Watch: Jack Warner Minders Shove Sky Reporter

Former FIFA vice president Jack Warner refused to comment on the football corruption scandal, as his bodyguards manhandled a Sky News correspondent.

The indicted football executive was surrounded by journalists as he left parliament in Port of Spain, Trinidad, where he is an MP.

Sky's David Bowden asked him what had happened to the $10m he allegedly pocketed for helping South Africa win the race to host the 2010 World Cup.

Warner, 72, remained tight-lipped as his security team kept up a chorus of "no comment".

Bowden continued his questions and was pushed and shoved by a thick-set bodyguard.

"Can you stop pushing me!" Bowden said, before asking a nearby police officer whether he was "going to stop this man assaulting me?"

Bowden then asked Warner: "As a parliamentarian, do you think it's right that your associates are assaulting me?"

"Move, move, move!" the bodyguards continued as they helped the former president of the Confederation of North, Central American and Caribbean Association Football (CONCACAF) into a waiting car.

Warner was arrested at the request of US authorities as part of their investigation into corruption within world football's governing body.

He spent a night in custody and was released on bail, pending a decision in his extradition case, which could take up to a year.

Warner said he fears for his life and has threatened to divulge an "avalanche" of dirty secrets about FIFA and its outgoing president Sepp Blatter .

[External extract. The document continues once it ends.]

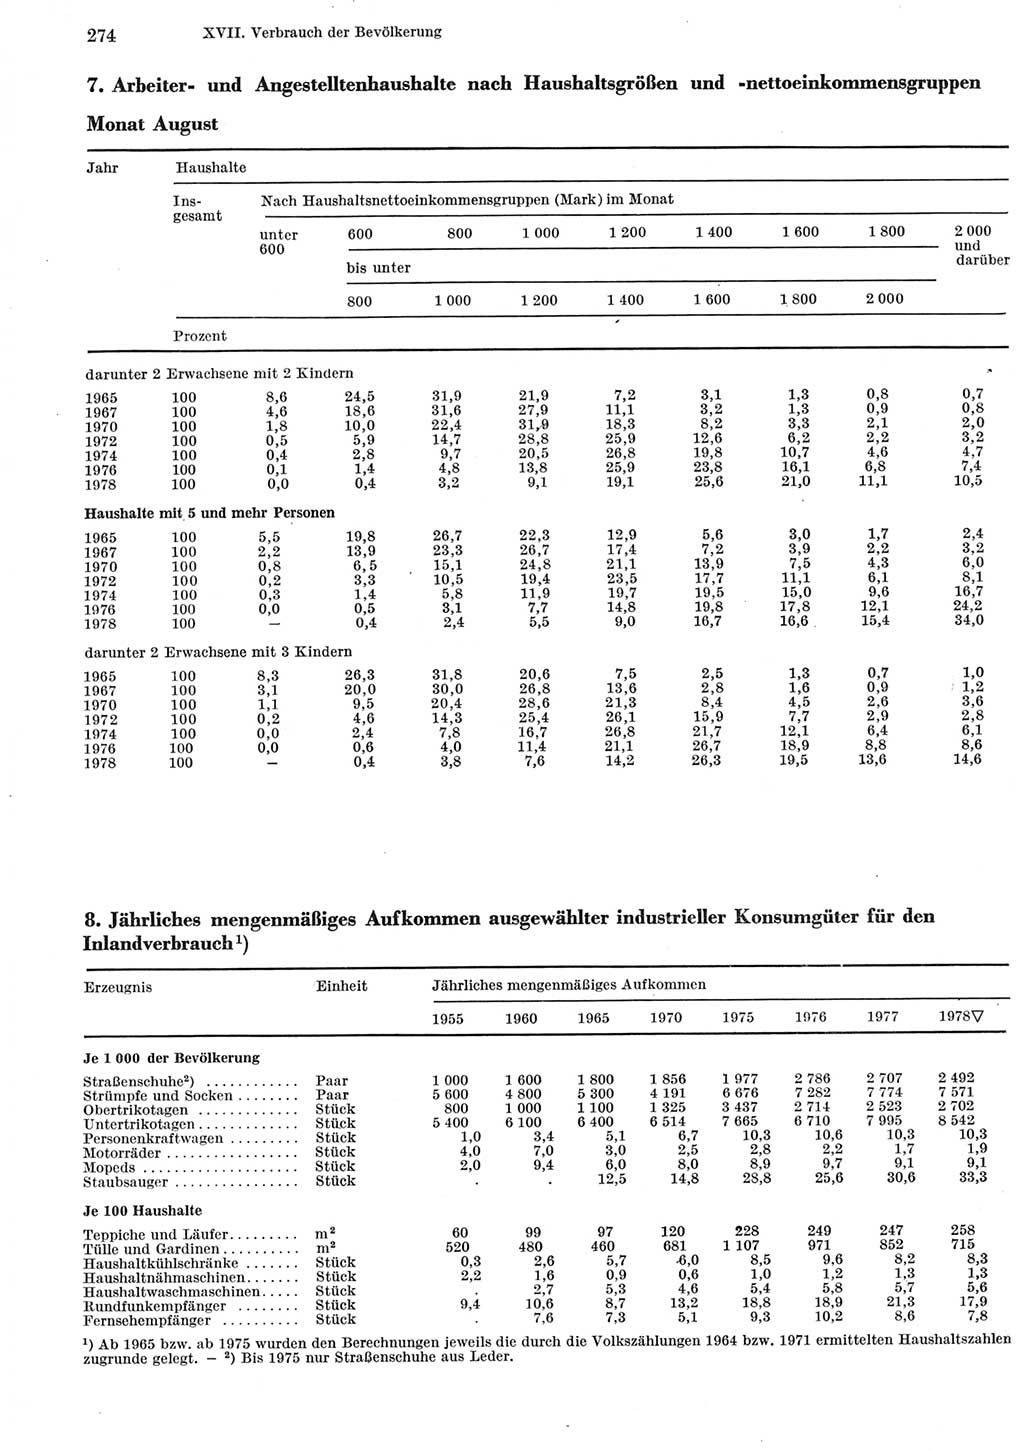 Statistisches Jahrbuch der Deutschen Demokratischen Republik (DDR) 1979, Seite 274 (Stat. Jb. DDR 1979, S. 274)
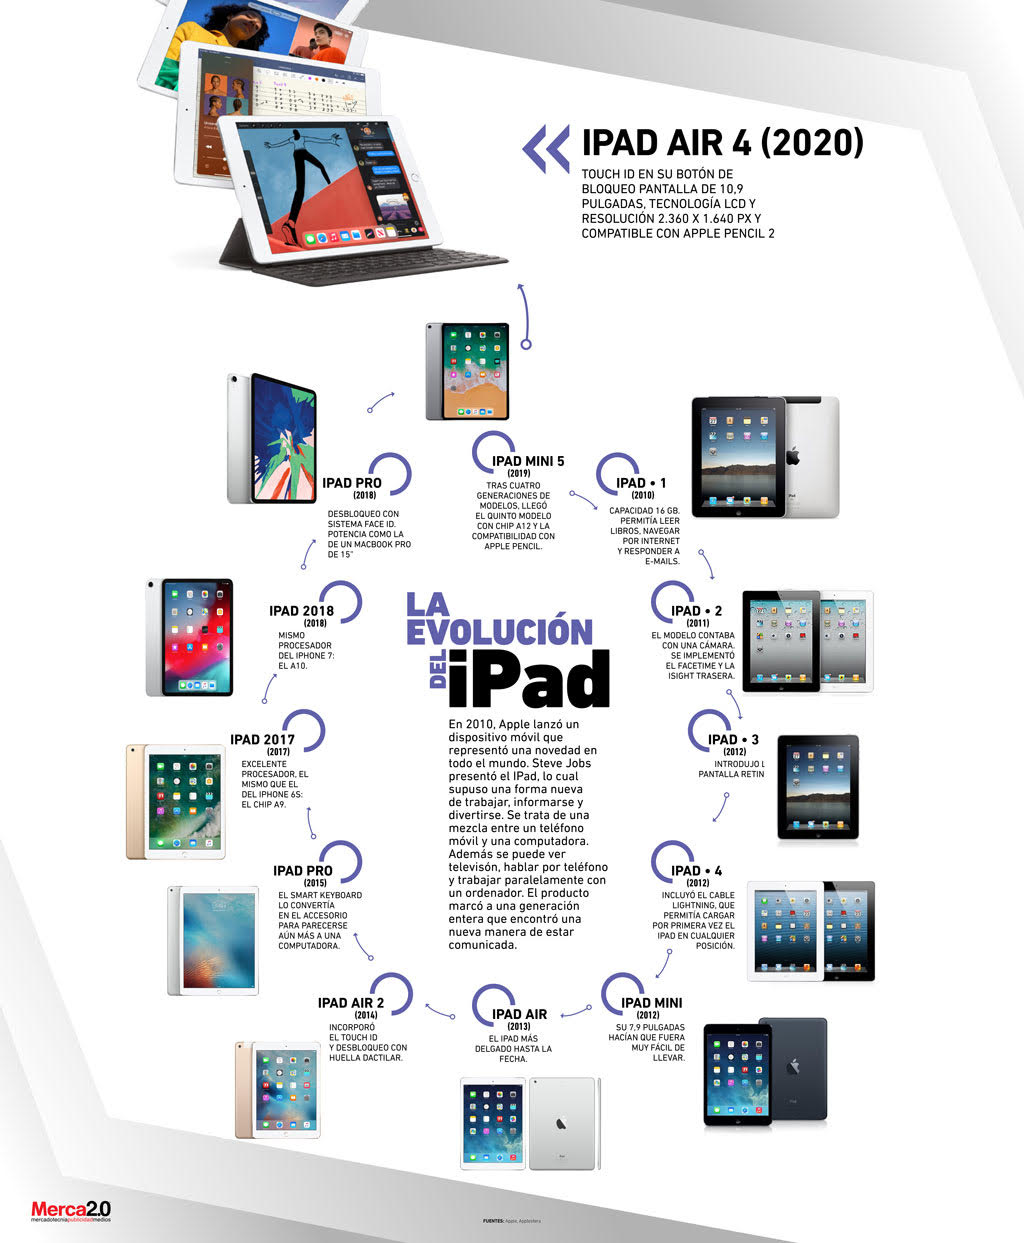 Las primeras Reviews del “Nuevo iPad” han llegado

On Friday, he blamed a conspiracy by Trinidadian Prime Minister Kamla Persad-Bissessar, his one-time ally, for the corruption charges against him.

He has also accused the US of conspiring against him because it lost its bid to host the 2022 World Cup to Qatar.

Blatter announced he will step down despite winning a fifth term as president, following a string of arrests as part of the US Department of Justice's corruption probe.